● YOUR TASK:
Set down the whole listing below exactly, without pictures.

● SUPPLIED MATERIAL:
★ ★ ★ ★ ★
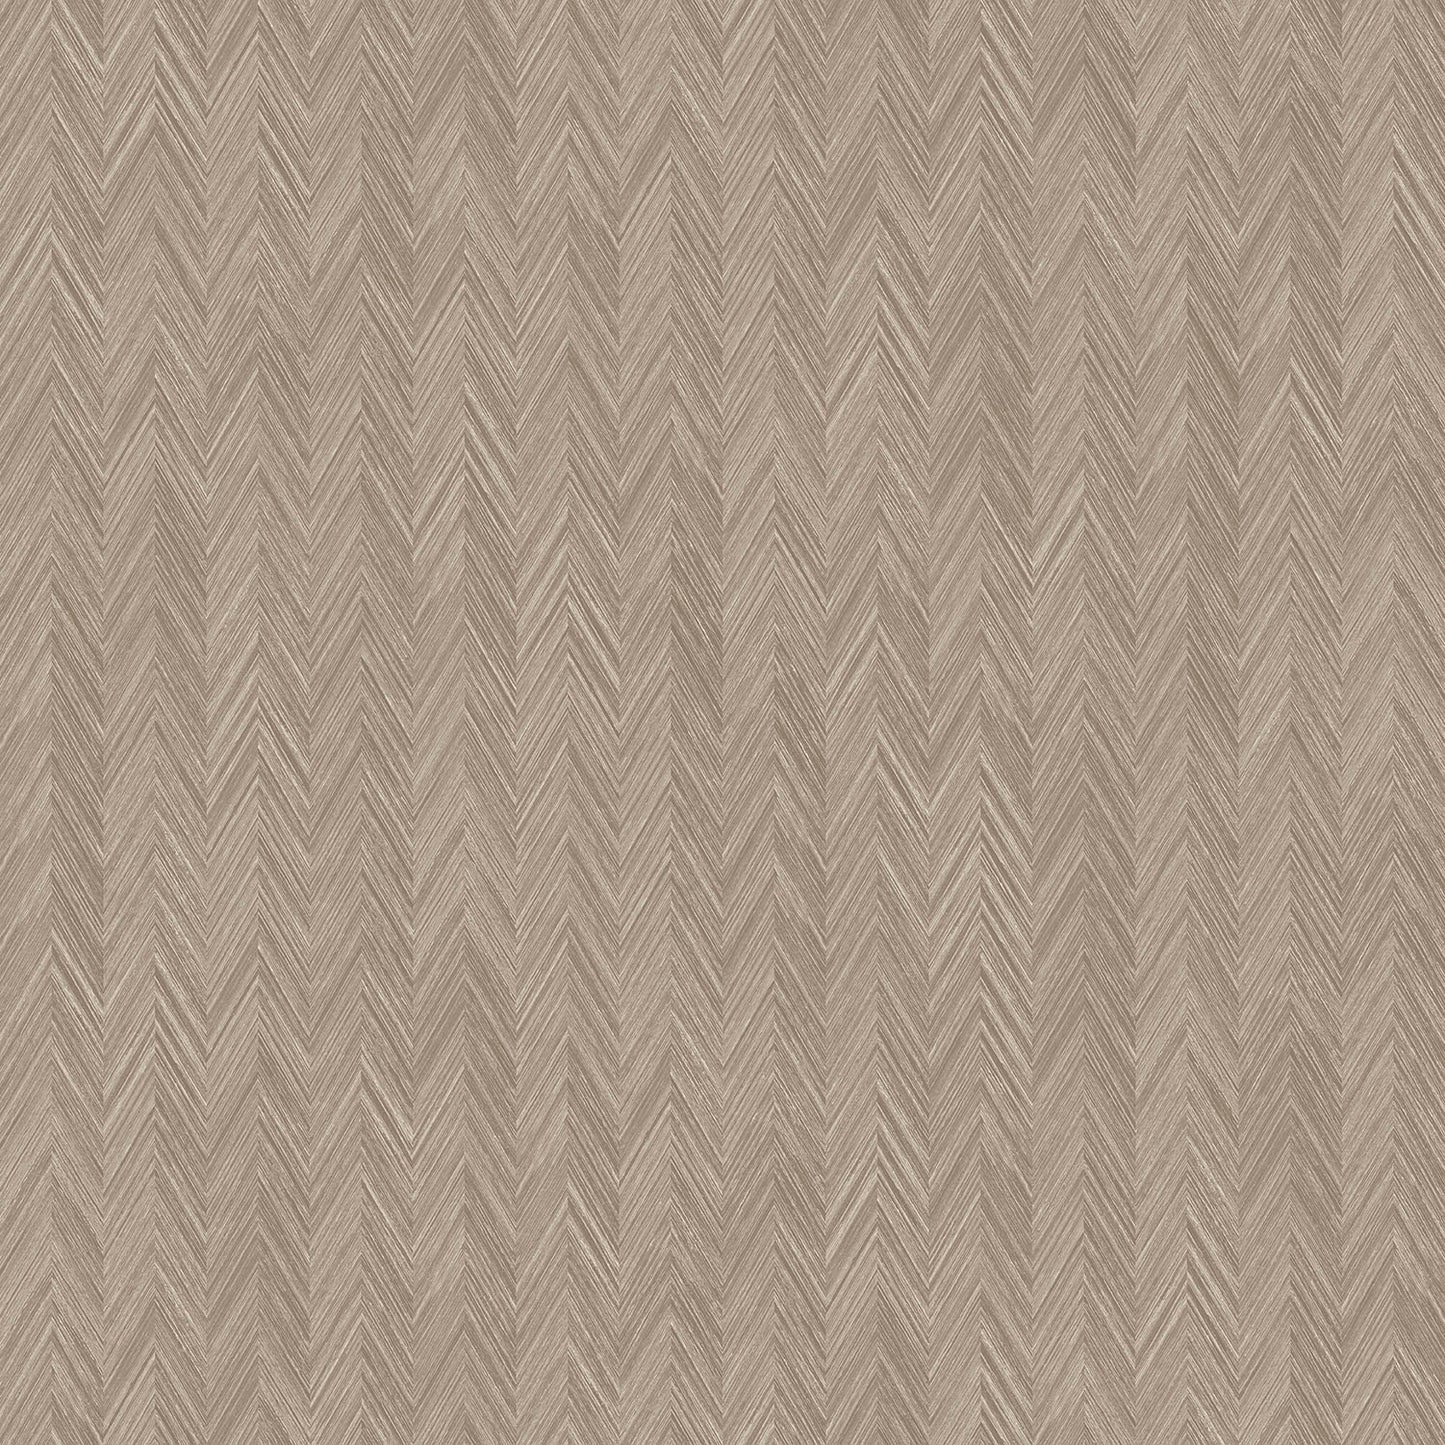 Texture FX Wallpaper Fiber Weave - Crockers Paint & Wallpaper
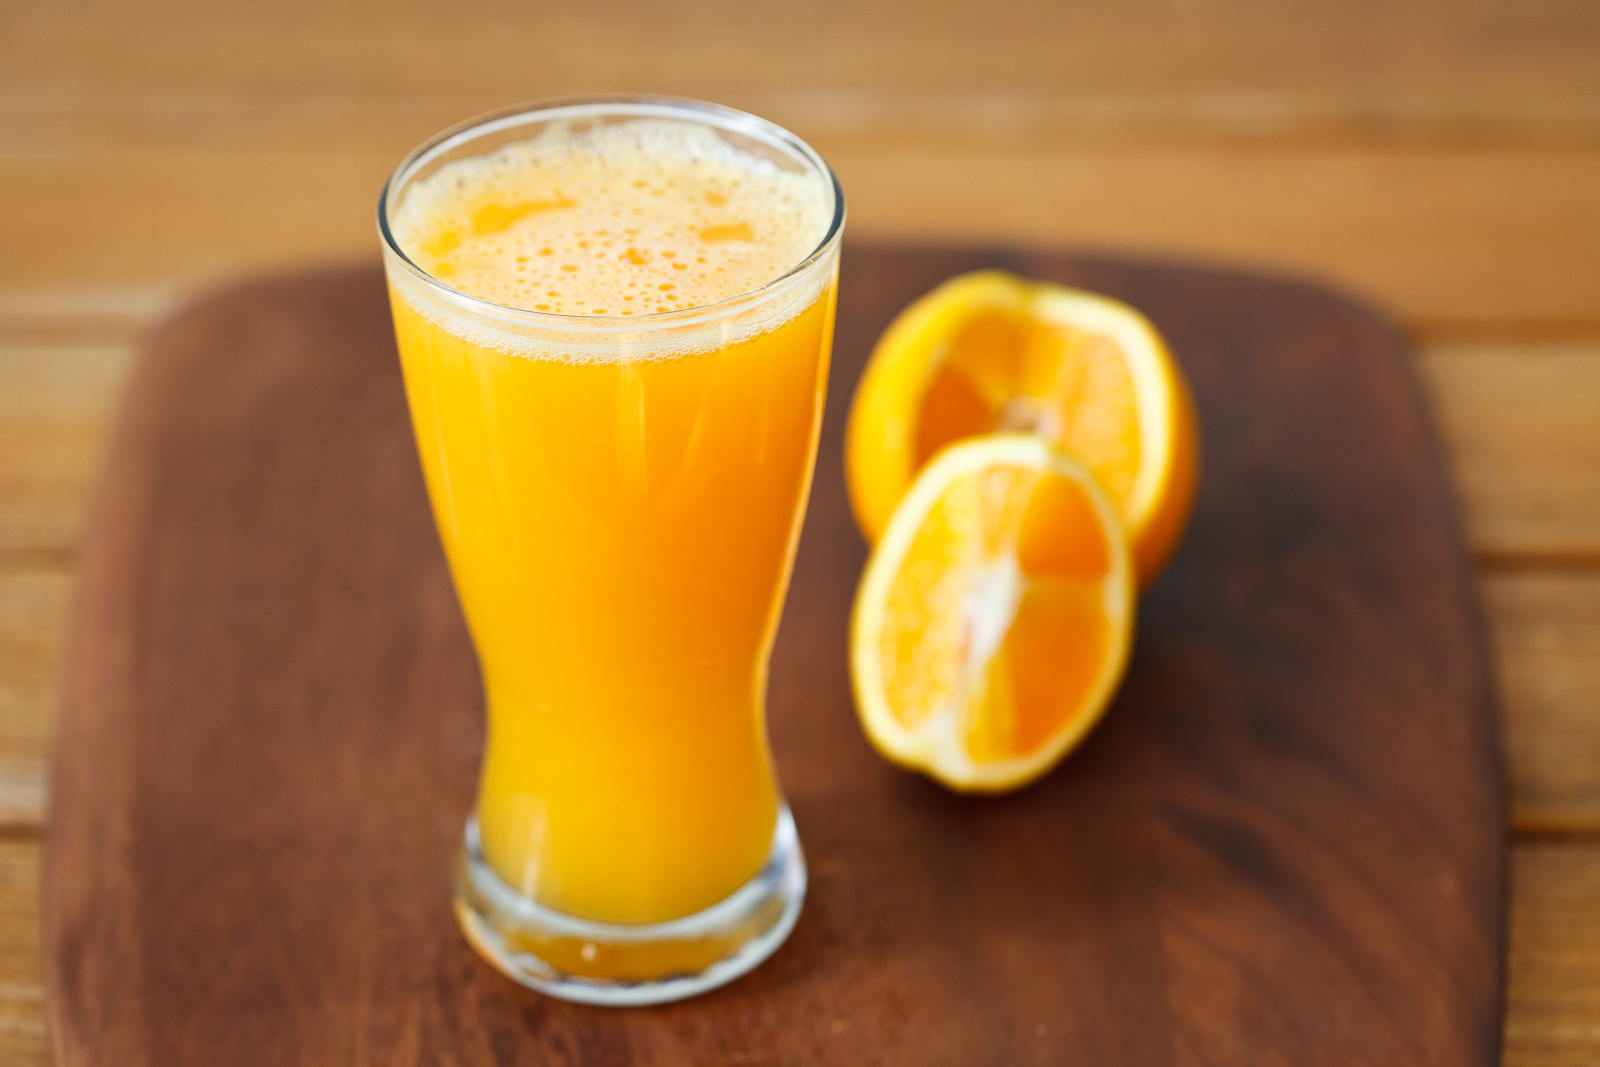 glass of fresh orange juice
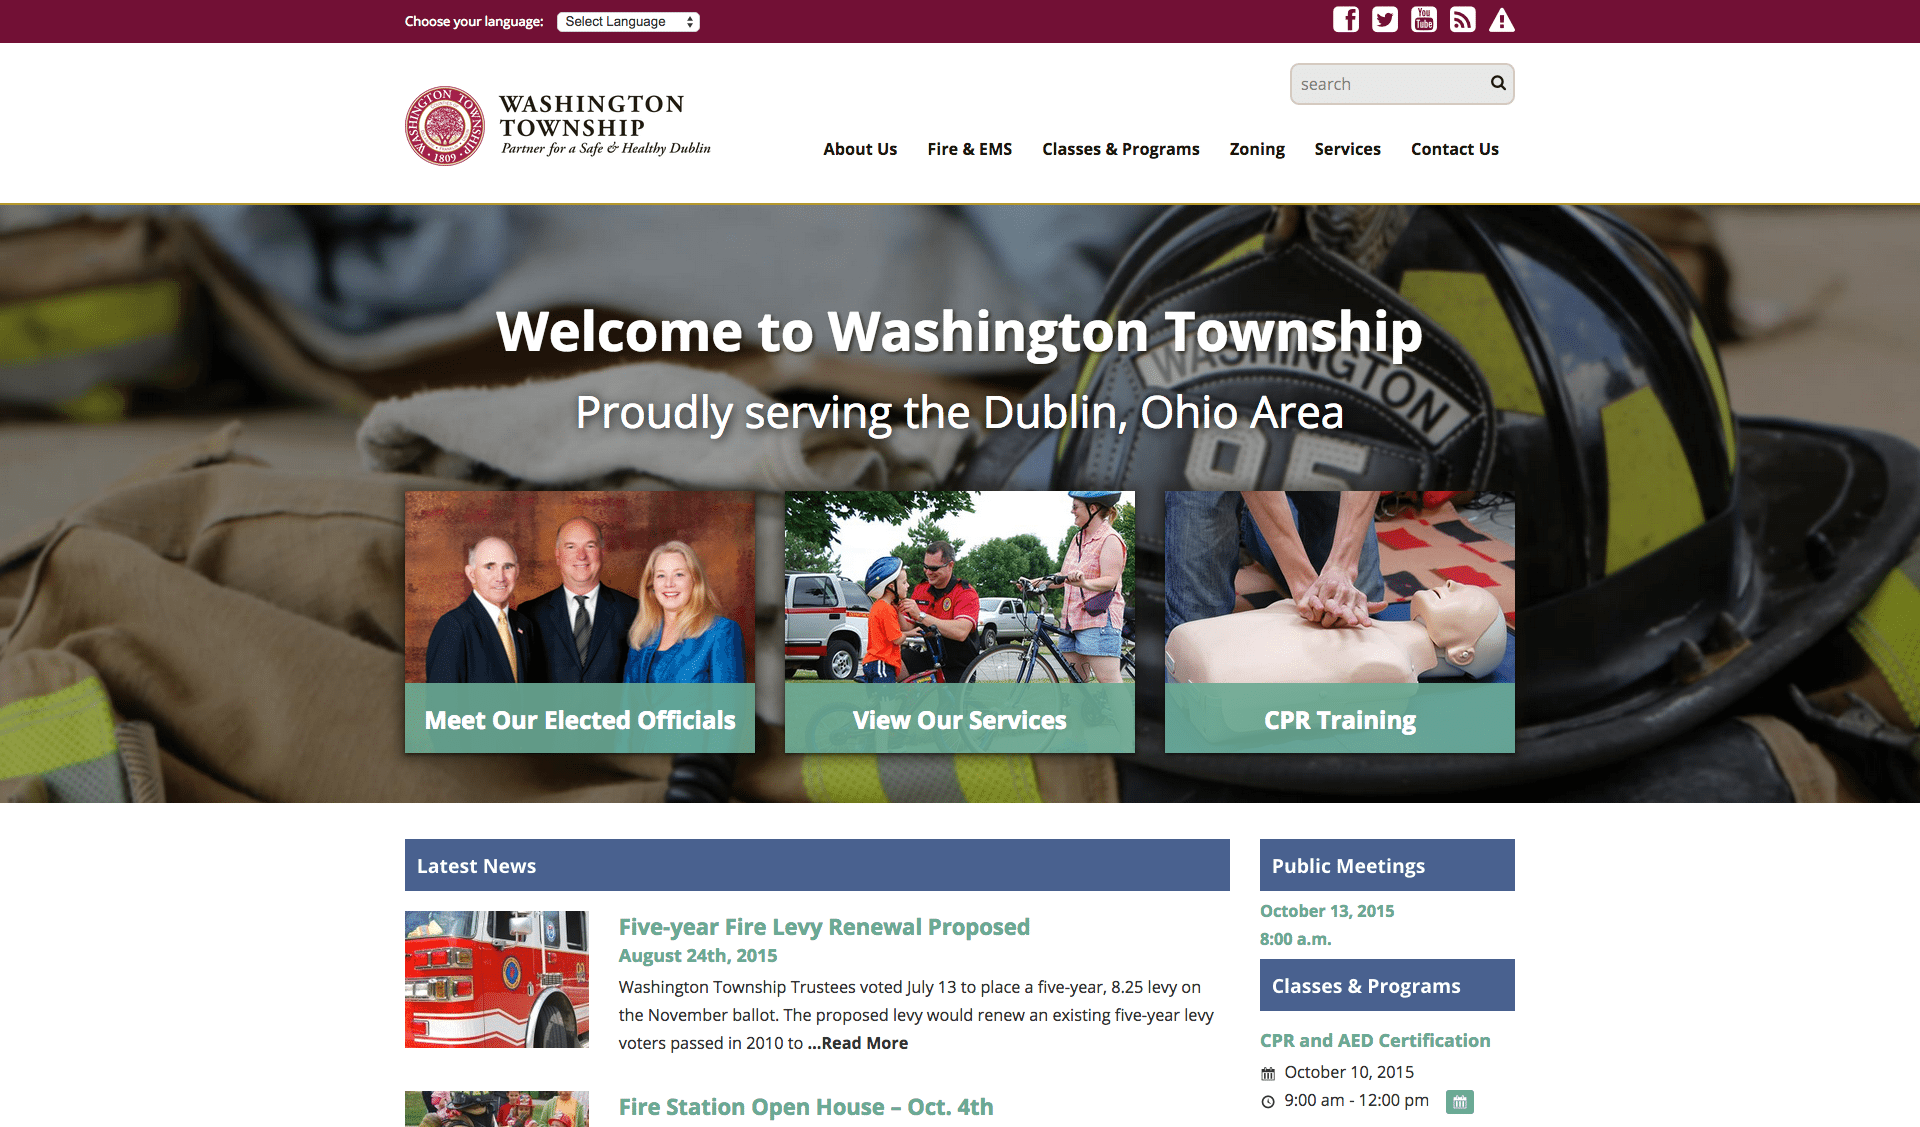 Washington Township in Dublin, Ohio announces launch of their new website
★ ★ ★ ★ ★
● PROBLEM SOLUTION:
 Texture FX Wallpaper Fiber Weave - Crockers Paint & Wallpaper
 glass of fresh orange juice
 Washington Township in Dublin, Ohio announces launch of their new website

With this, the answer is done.